## Data excerpt
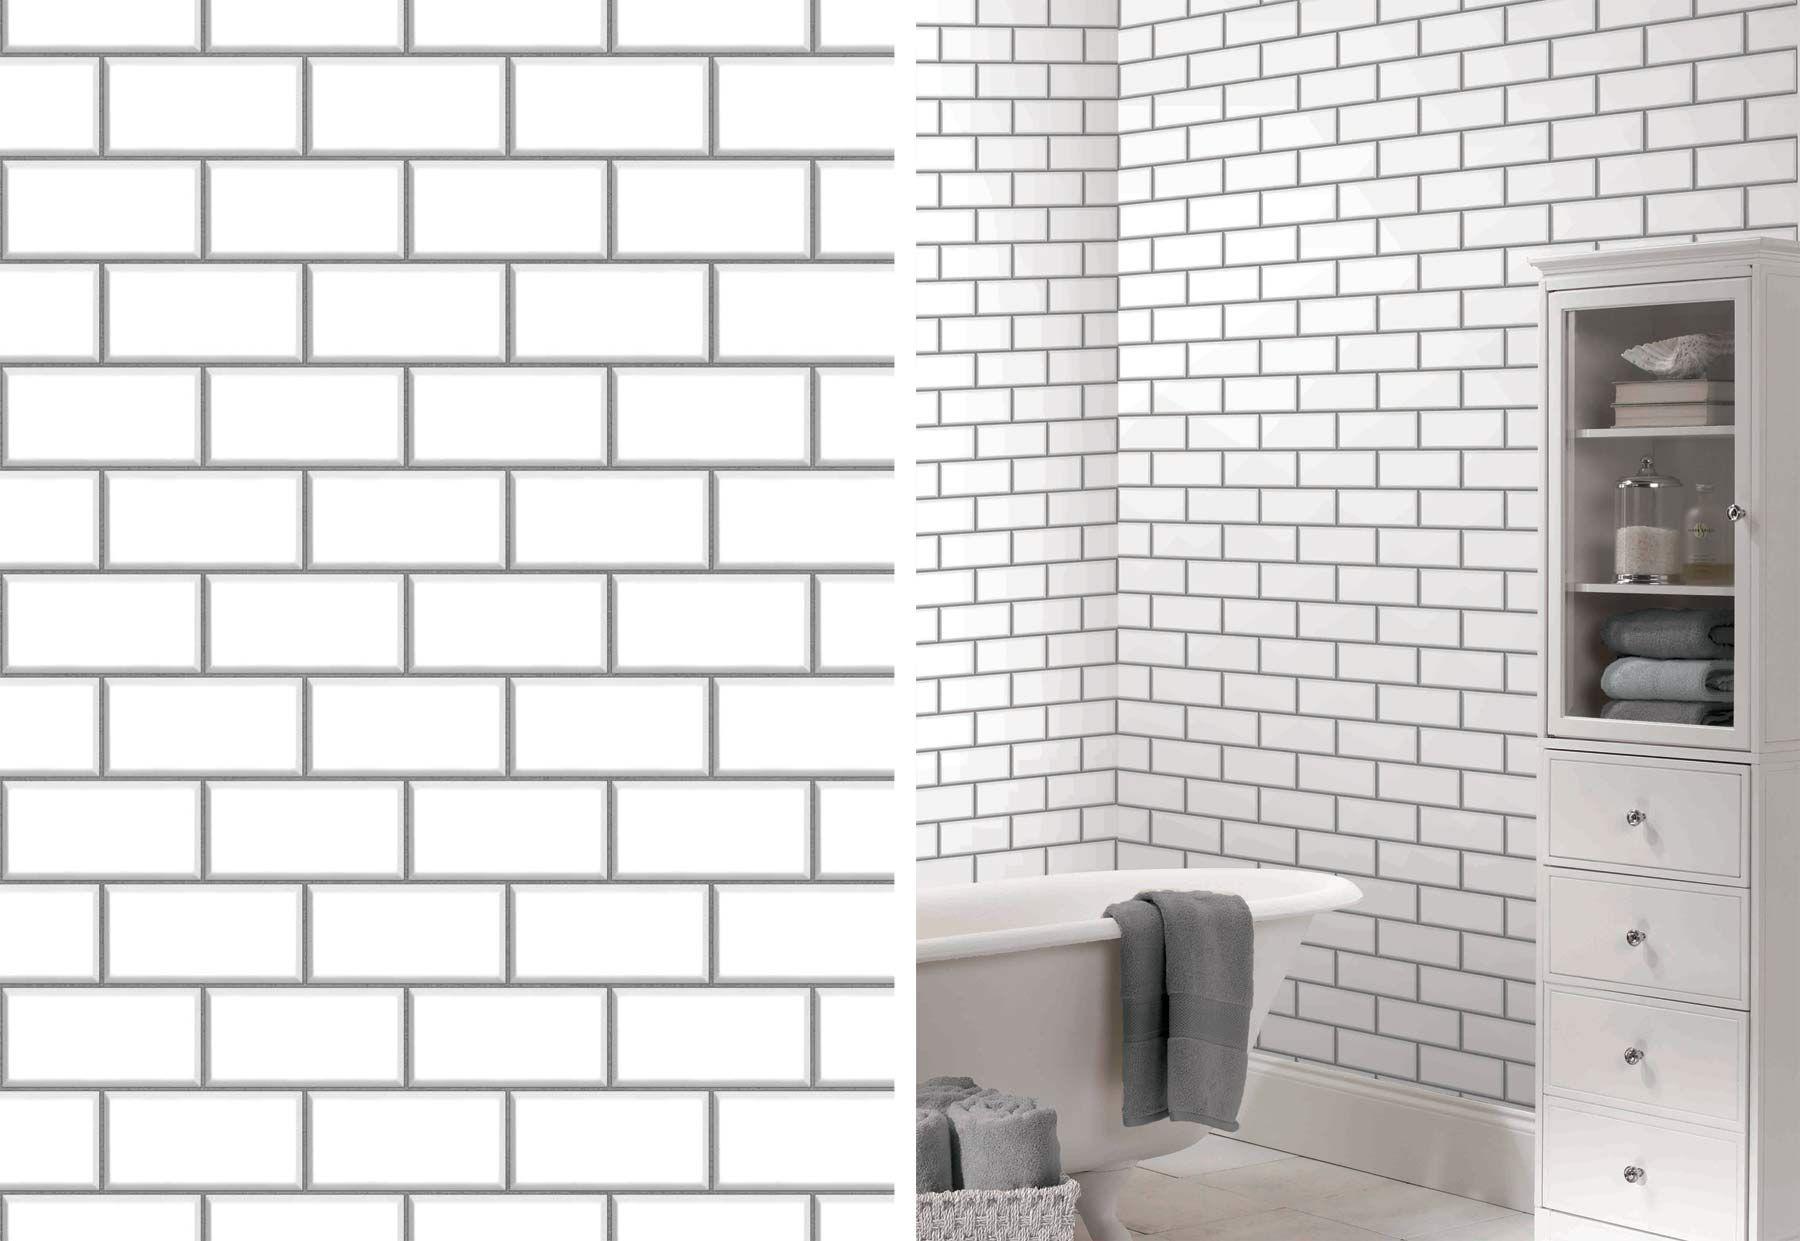 Ceramica New York Subway Tile Brick Wallpaper By Fine Decor Fd40138 Brick Effect Wallpaper Brick Wallpaper New York Subway
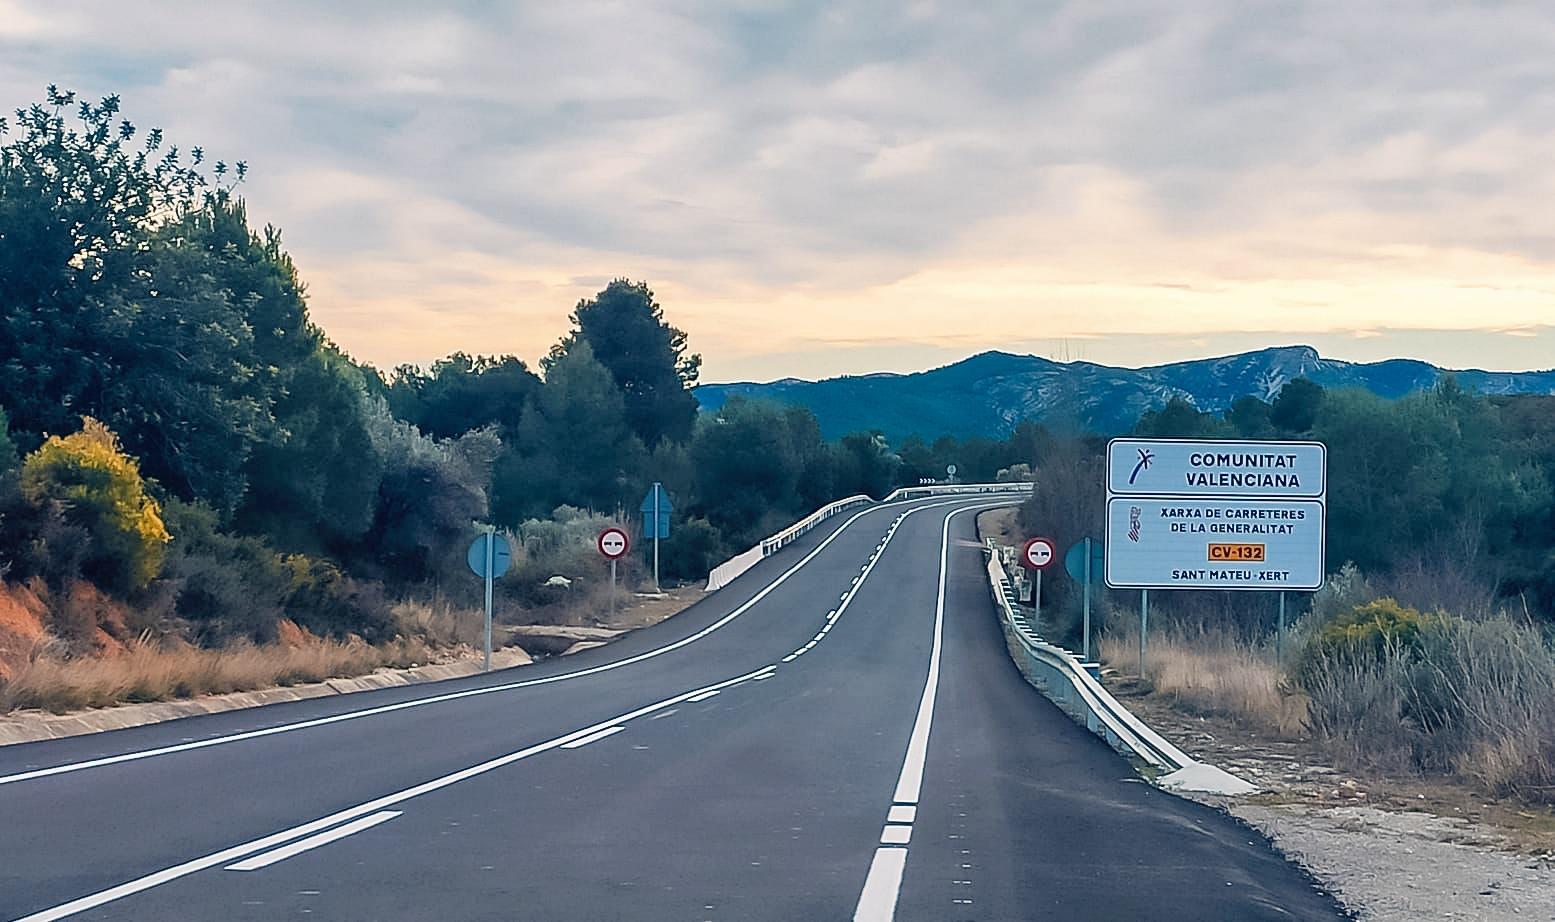 La Generalitat invierte 1,6 millones de euros en la mejora de la seguridad vial de las carreteras de la comarca del Baix Maestrat
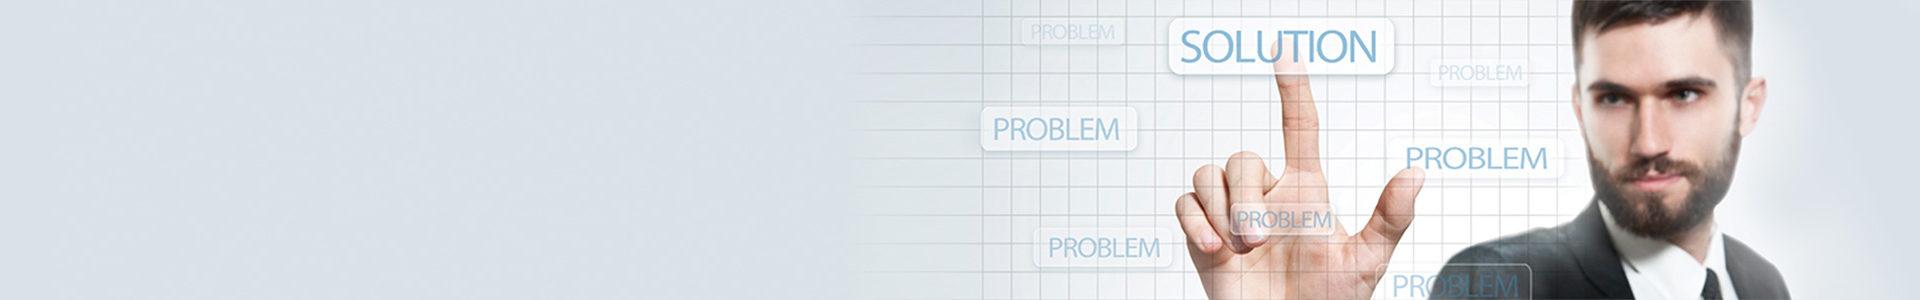 Origination Solutions
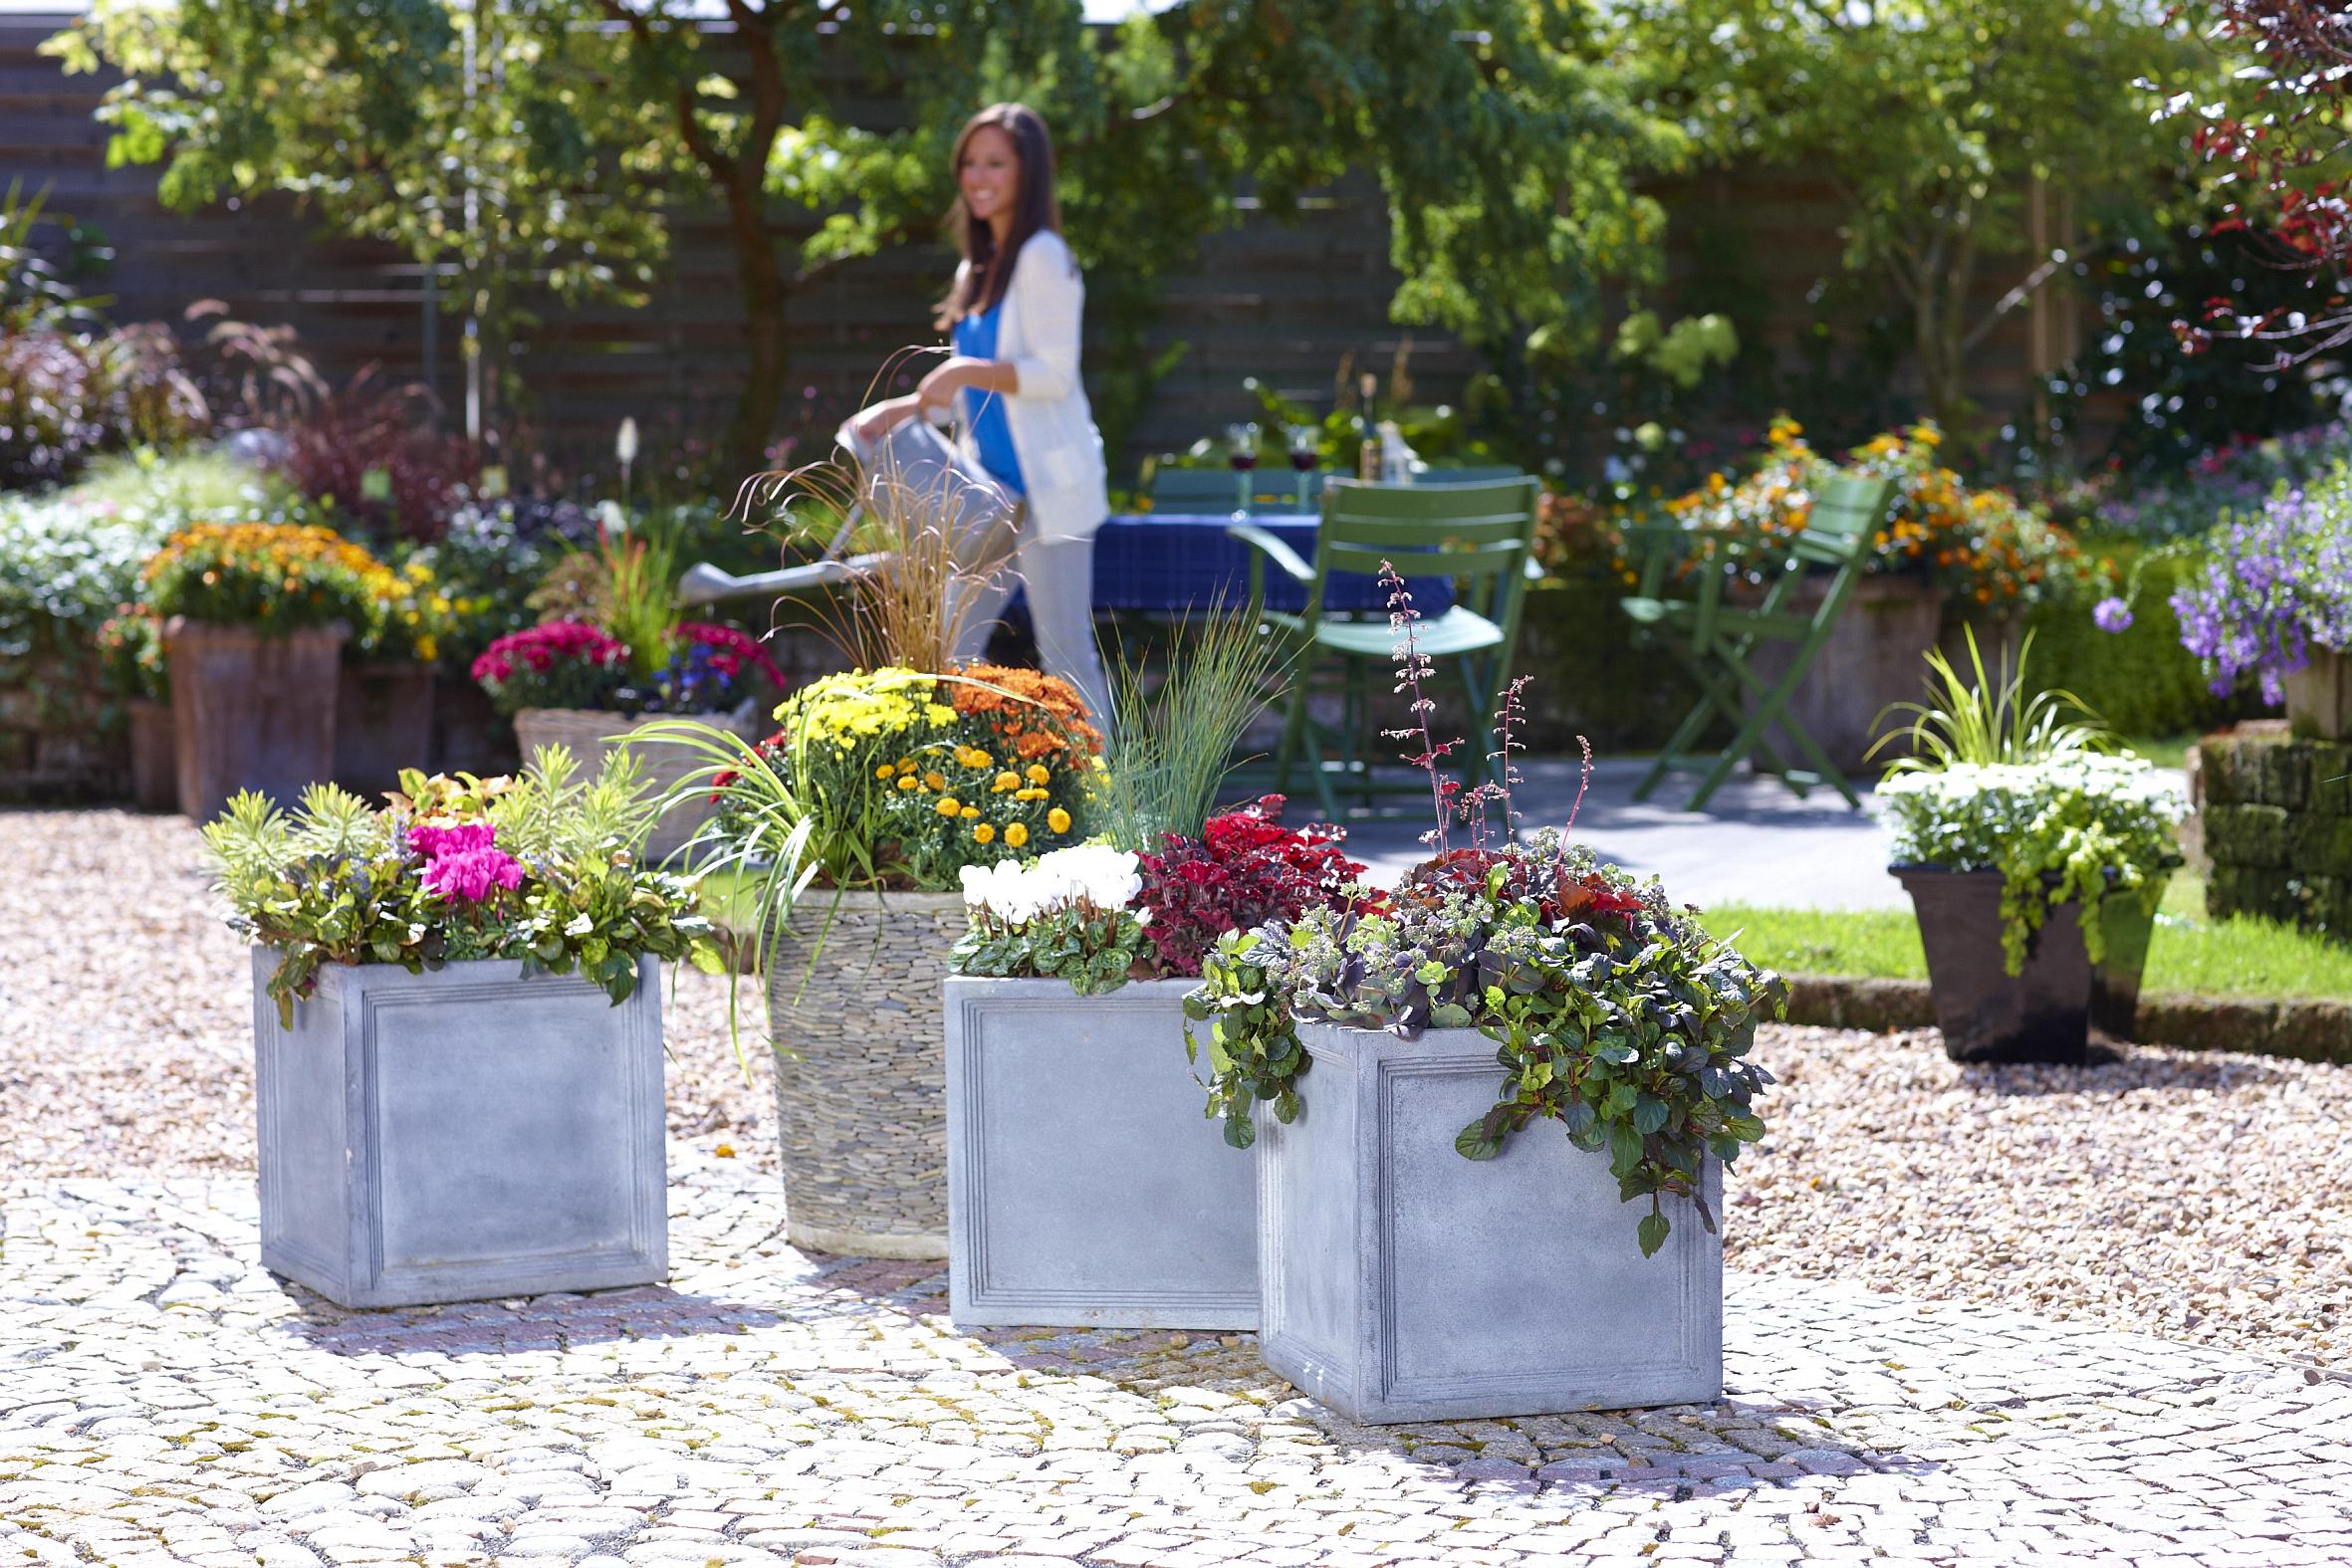 Spektakuläres Finale: Bunte Blätter und Blüten bringen den Herbst zum Leuchten

## About this exercise
All of the data, minus its pictures, should be repeated exactly.

## Answer to the exercise
 Ceramica New York Subway Tile Brick Wallpaper By Fine Decor Fd40138 Brick Effect Wallpaper Brick Wallpaper New York Subway
 La Generalitat invierte 1,6 millones de euros en la mejora de la seguridad vial de las carreteras de la comarca del Baix Maestrat
 Origination Solutions
 Spektakuläres Finale: Bunte Blätter und Blüten bringen den Herbst zum Leuchten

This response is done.